All I can say is that’s how he was when I met him and given the real estate his orb-shaped web occupies and how he fares during wind/rain storms, I think he’s done very well for himself despite having like 30% less legs than his brethren (p.s. I know he is not a female, because apparently those are the ones with the red/purplish belly jewels).
I’d like to say I befriended him because of this leg-lack, as a sort of moral obligation, but in fact, I was simply talking to him as a way to disarm a lifelong fear of spiders—the kind of fear that has gradually had to decline with visits to the bug shrine at Kenchoji and the sheer volume of large, hand-sized huntsman spiders that occasionally roam the halls of corridors across Kamakura and Japanese countryside writ-large.
I screamed at my first huntsman sighting and was promptly told that it was lucky to have one in the house.
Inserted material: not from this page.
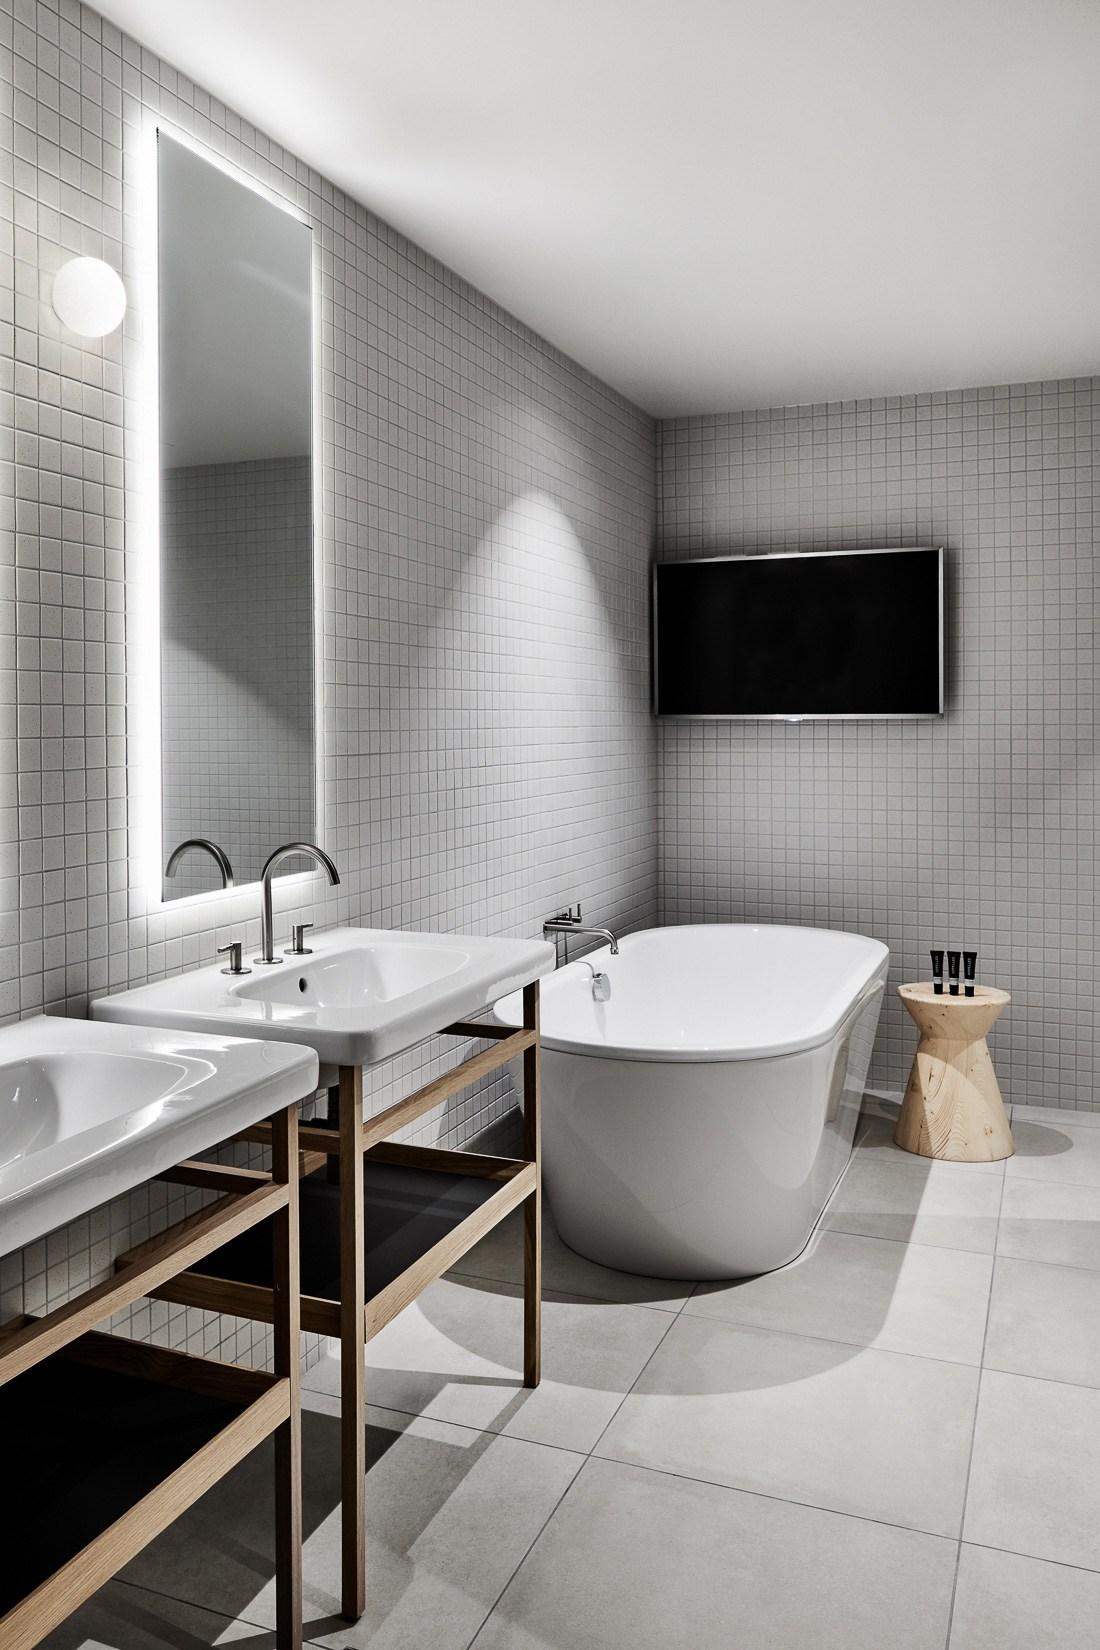 Mitchelton-Winery-Hotel-in-Nagambie-Hecker-Guthrie-Tom-Blachford-17.jpg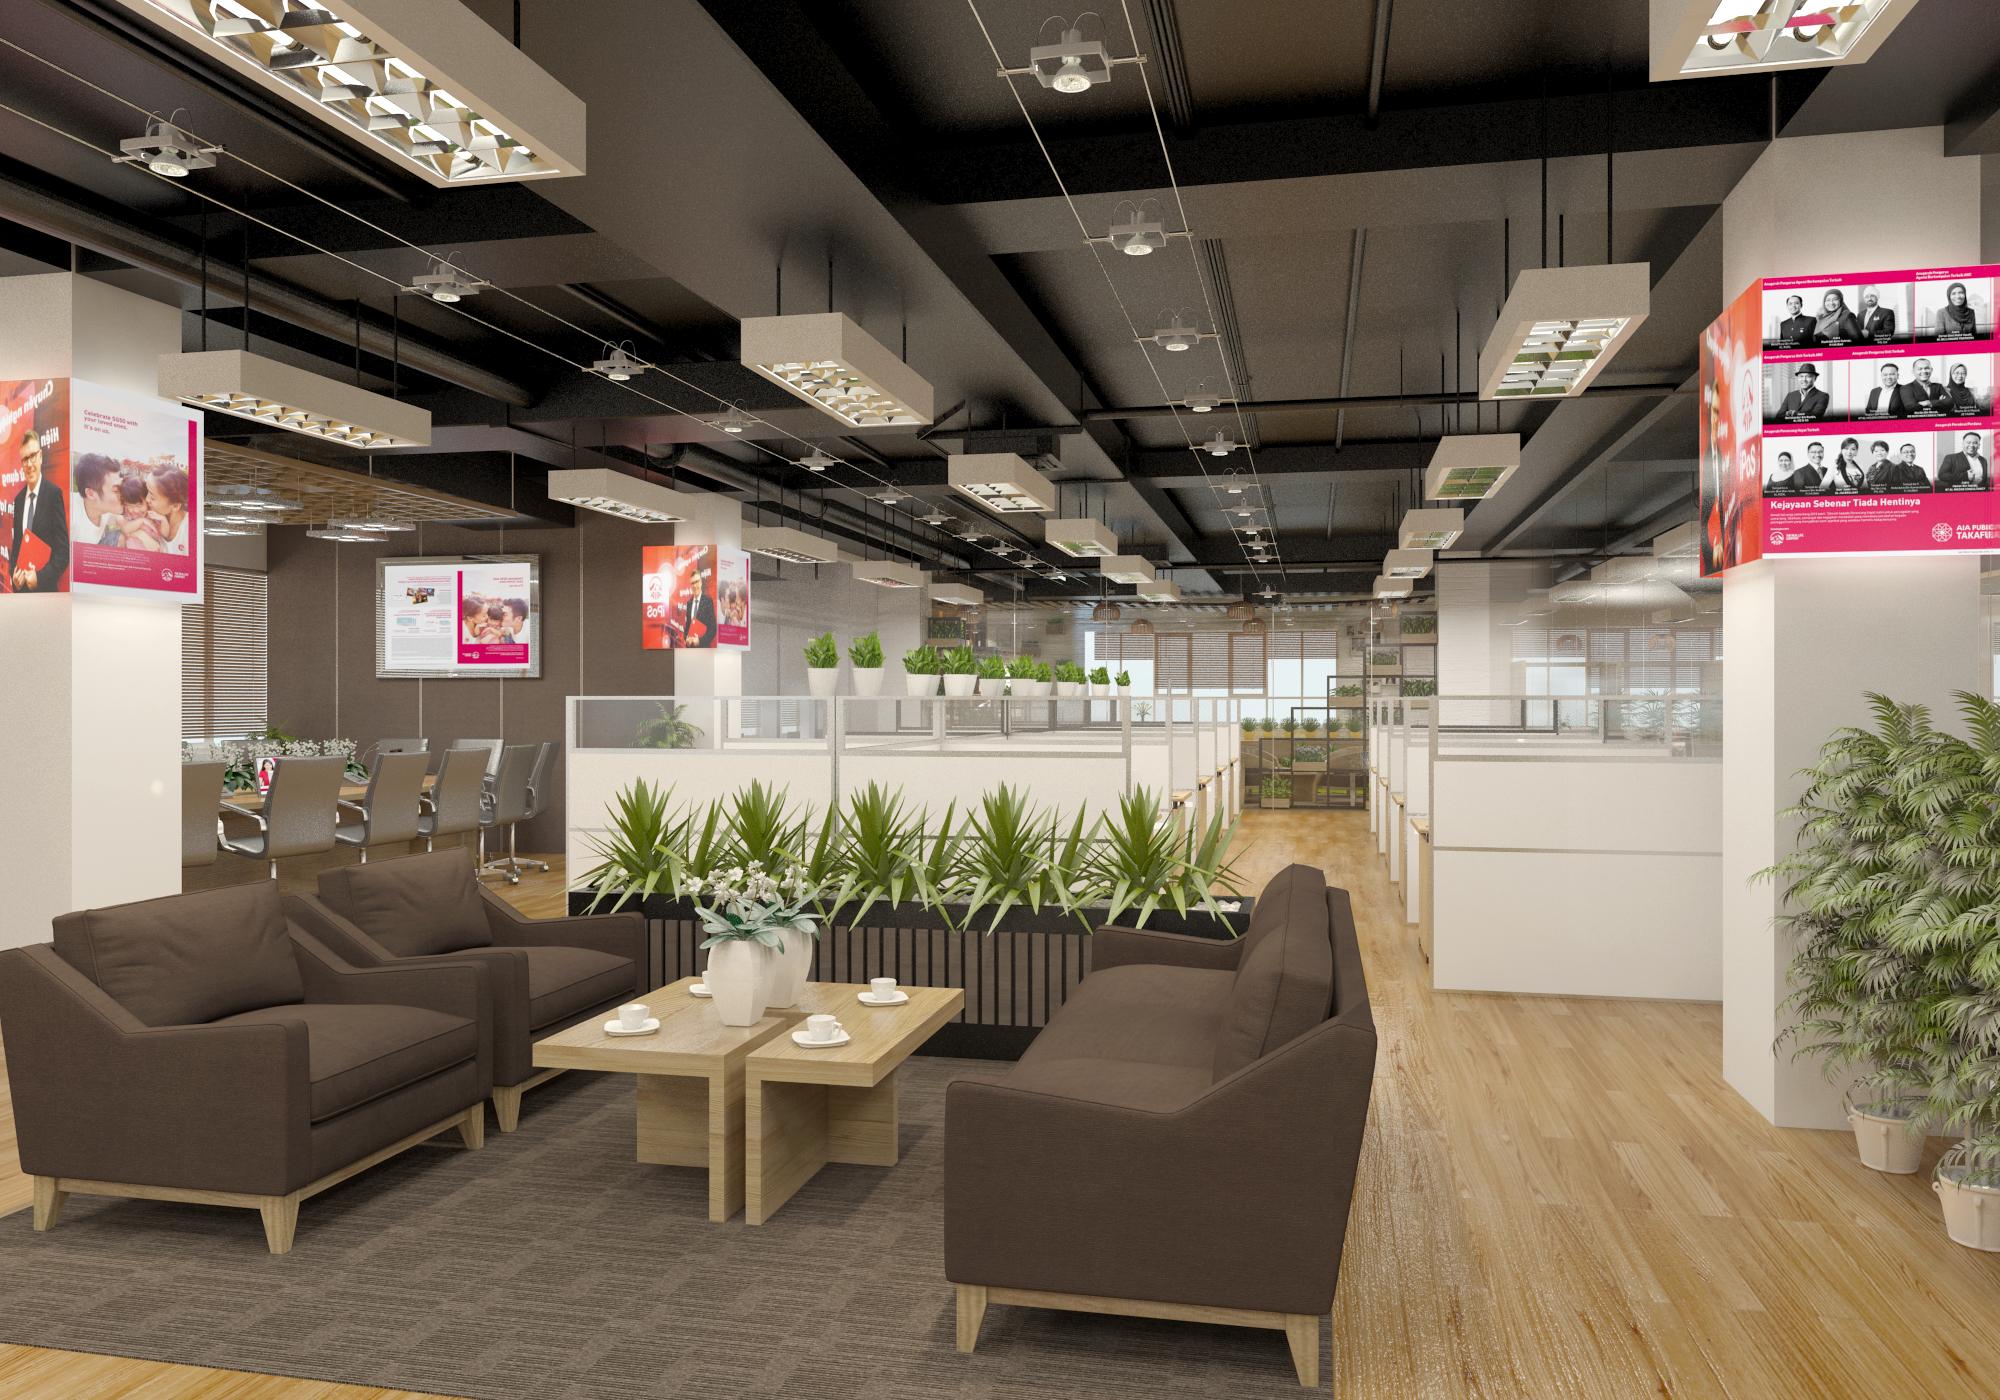 thiết kế nội thất Văn Phòng tại Hà Tĩnh Văn phòng AIA - Hà Tĩnh 0 1568277188

After all, they prey on cockroaches (nuisances) and centipedes (actual threat) as a kind of destroyer of all creepy-crawly evils. Nature’s rumbas, let’s say. Tank in the abode.
Slidey, though, is a Joro spider. Large and native to these parts, they have in recent years made their way to the United States, causing headlines about nightmare fodder. His neon body and long legs have a disco-enchanting aura and up until the past few months, I’d been far too paralyzed by fear to have looked them up, preferring to remain oblivious to danger and keep my dreams nightmare-free. It was only when I started chatting up Slidey and was encouraged by a long-time Kamakura resident to get familiar that I promptly did so.
And, how. You see, in Japan spiders are—as my keitai Japanese sensei explained in a newsletter of their own this week—お釈迦さまのお使い—aka messengers of the Buddha. Not just auspicious. Downright holy.
Here I was fearing them my whole life, no wonder it took so long for the dharma to sink in. Except, I don’t think I’m alone. I’ve had multiple foreign guests. All of whom are well-and-man’d up in the real world but shutter at the webs with dangly neon ornaments inside.
Yet I’ve found a little chatting, a little naming, and some long-overdue research has gone a long way. Long enough to find out they are messengers of the Buddha, in fact.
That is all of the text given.